Cherokee Creek Boys School is an American therapeutic boarding school for boys located at 198 Cooper Road, Westminster, South Carolina, United States. Cherokee Creek has been fully accredited by the Southern Association of Colleges and Schools (SACS) since 2005, and is licensed by the state of South Carolina. The school is also a member of the National Association of Therapeutic Schools and Programs (NATSAP).

History

Cherokee Creek Boys School was founded by Beth Black and Jackson Culotta, after Black enrolled her son in a therapeutic school where Culotta was employed.
The school is a place where struggling middle-school boys receive assistance from licensed therapists and qualified counselors to help them address specific physical, academic, emotional, and social skill needs for each student.
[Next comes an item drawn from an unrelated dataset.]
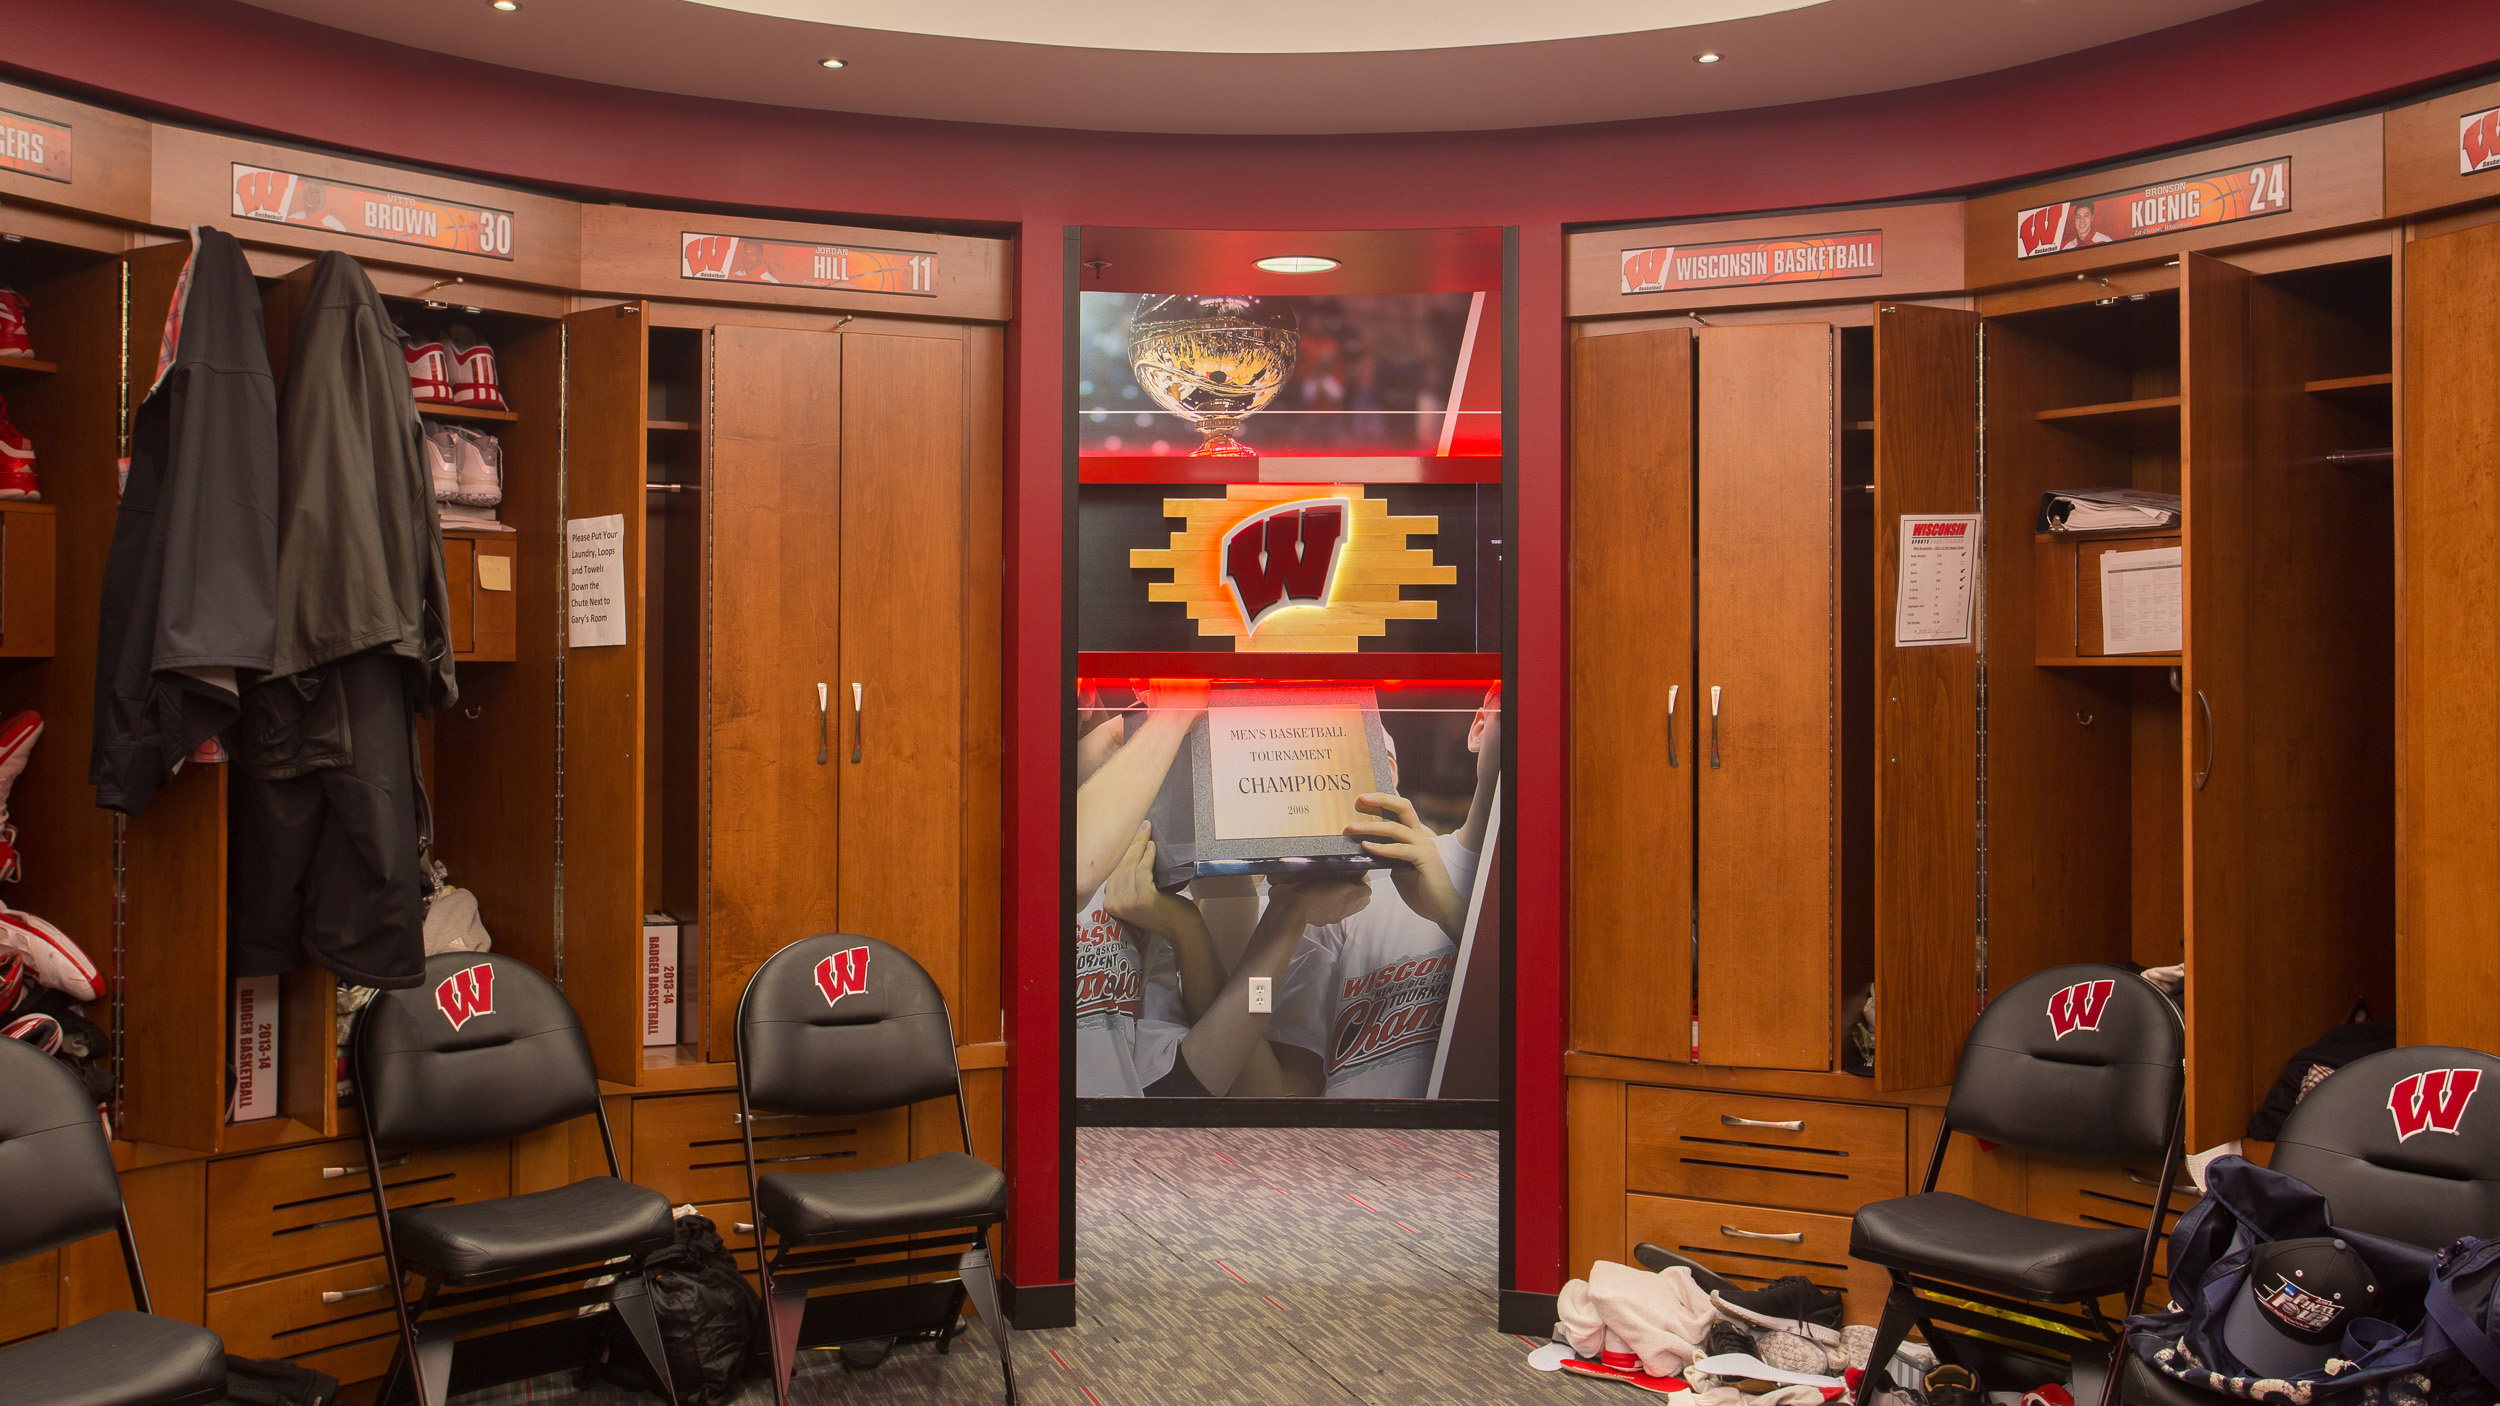 University of Wisconsin - Basketball Locker Room Facility Branding

Students that come to Cherokee Creek Boys School are typically challenged with one of the following: Attention Deficit Disorder (ADD/ADHD), Autism, Asperger's Syndrome, depression, anxiety, defiant behavior, under-developed social skills, or learning disabilities.

Description

The staff at Cherokee Creek Boys School employ four core areas within the program: Personal Enrichment (ex. league sports, guitar lessons, martial arts), Academics (ex. Individual Education Plans and special academic services), Therapetic Services (ex. individual and group therapy, group counseling, crisis intervention and family therapy), and Health/Recreation (ex. swimming, hiking, boating, horseback riding, and camping).